An Explainable Deep Learning Framework for Mandibular Canal Segmentation from Cone Beam Computed Tomography volumes

Abstract

Cone Beam Computed Tomography (CBCT) is an indispensable imaging modality in oral radiology, offering comprehensive dental anatomical information. Accurate detection of the mandibular canal (MC), a crucial anatomical structure in the lower jaw, within CBCT volumes is essential to support clinical dentistry workflows, including diagnosis, preoperative treatment planning, and postoperative evaluation. In this study, we present a deep learning-based (DL) approach for MC segmentation using 3D U-Net and 3D Attention U-Net networks. We collected a unique dataset of CBCT scans from 20 anonymous hemisected mandibular bones, which were further processed for analysis. The samples were scanned using a CBCT scanner after inserting a wire through the whole length of the MC to identify its location in space (as a gold standard).

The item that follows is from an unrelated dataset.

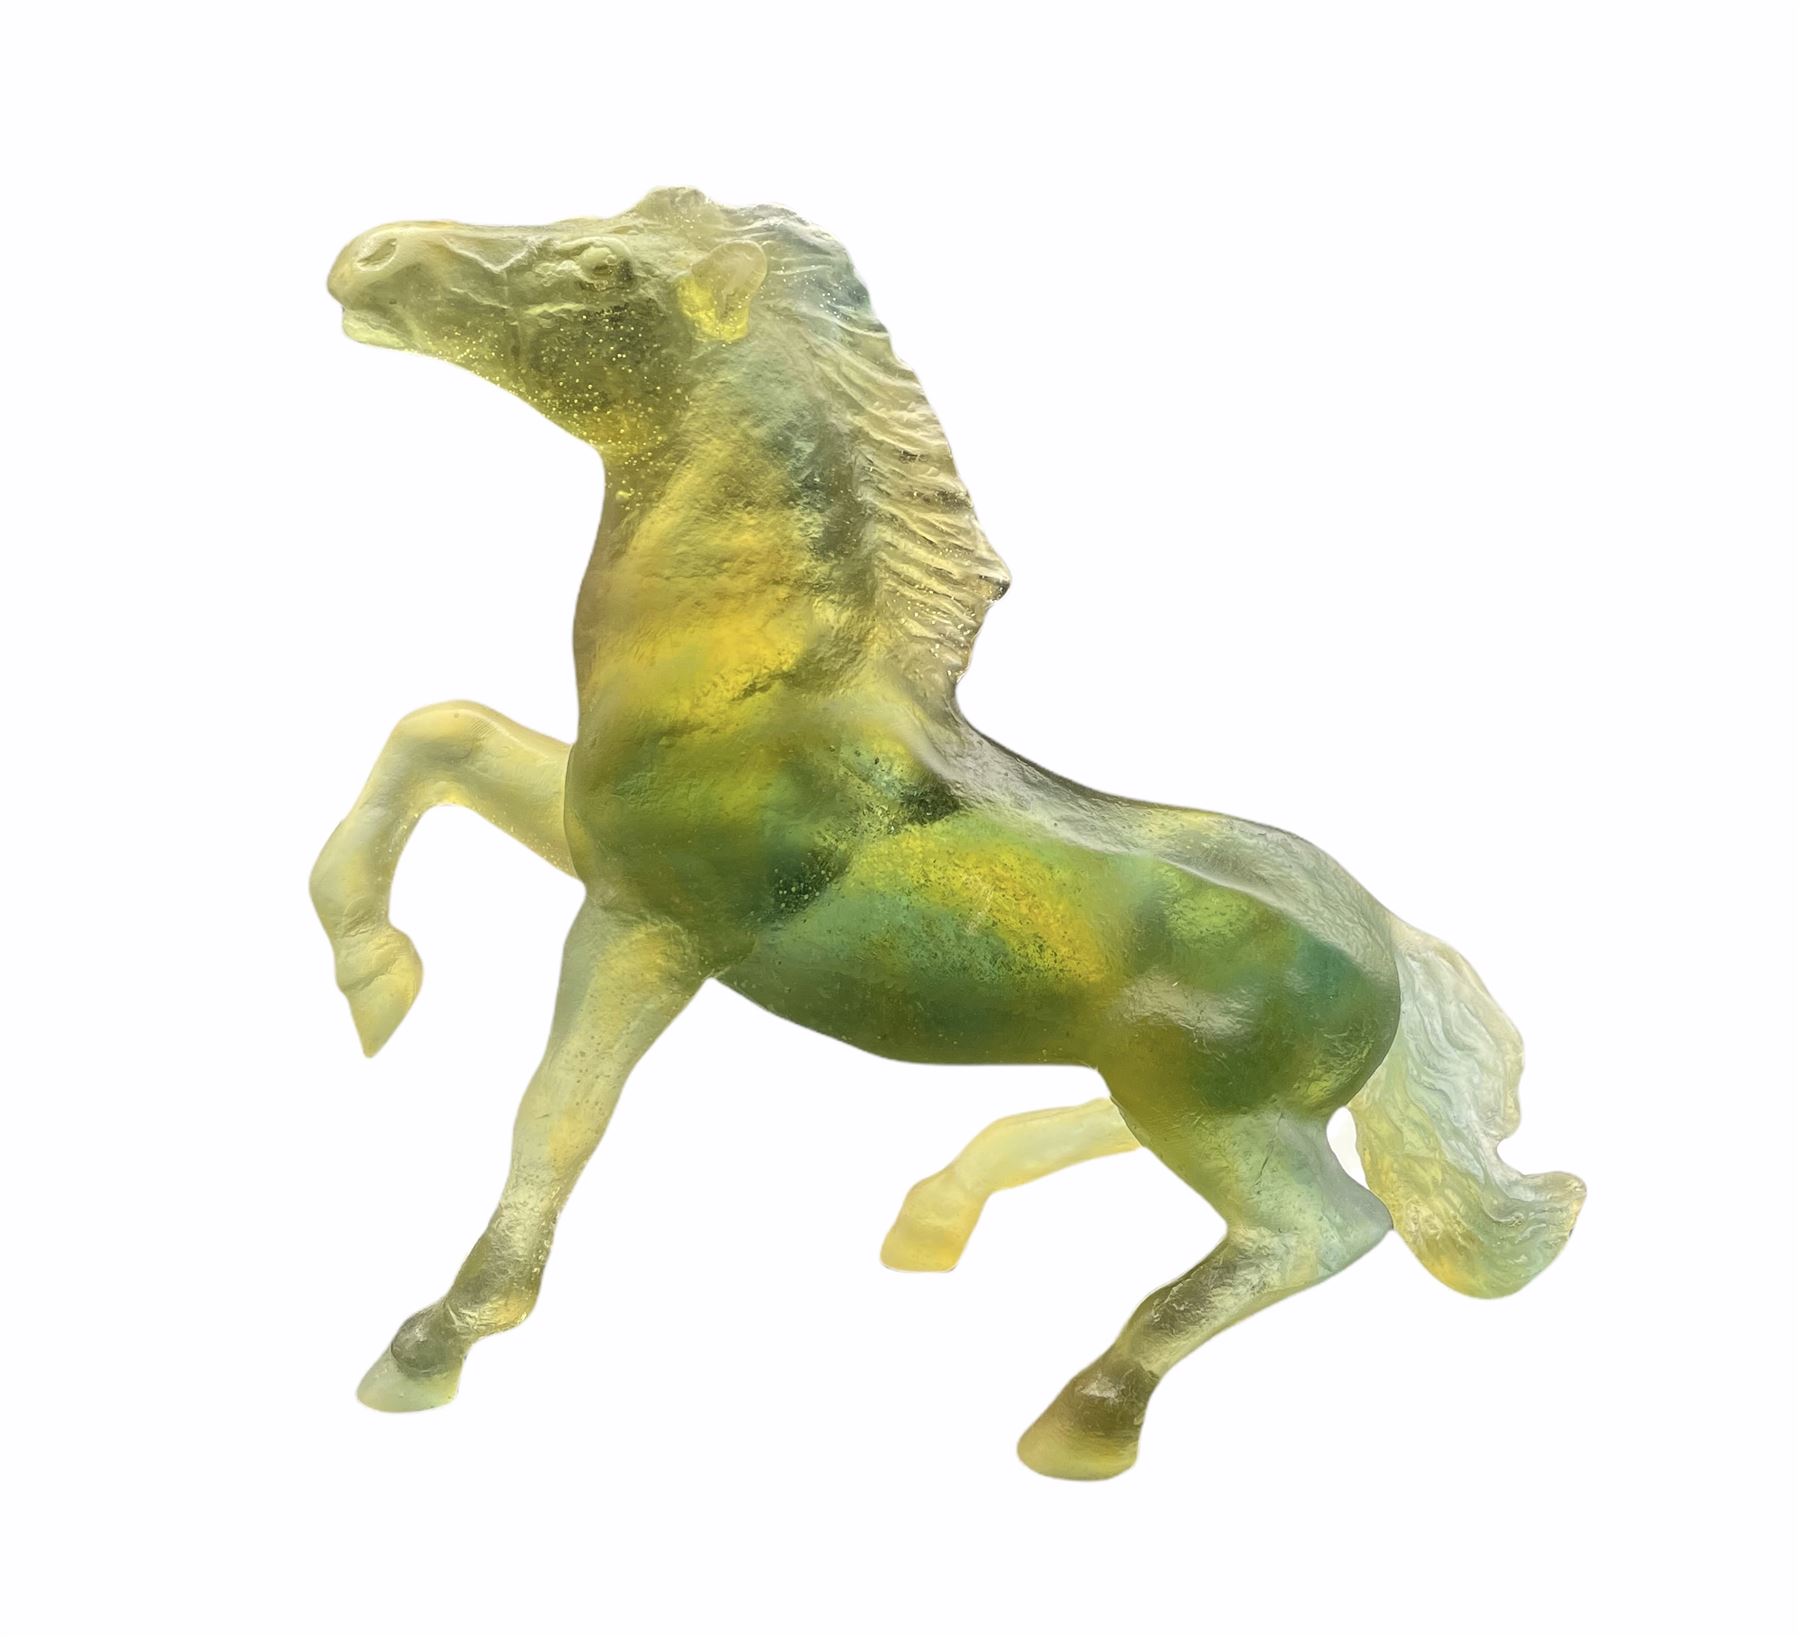 Daum Pate de Verre model of a prancing horse in tonal green and amber

Our experimental results demonstrate that the 3D Attention U-Net outperforms the standard 3D U-Net in detecting the MC’s location, with Dice similarity score, Precision, and Recall values of 0.65, 0.75, and 0.60, respectively. Unlike current DL-enabled methods for MC segmentation, which face deployment and trust challenges due to their ”black-box” nature, our approach incorporates a post-hoc visual explainability feature through the Grad-CAM++ (Gradient-weighted Class Activation Mapping) algorithm. This tool highlights important regions within the CBCT volumes that influence the model’s predictions, providing valuable insights into the segmentation process, and bridging the gap between cutting-edge DL technology and clinical practice.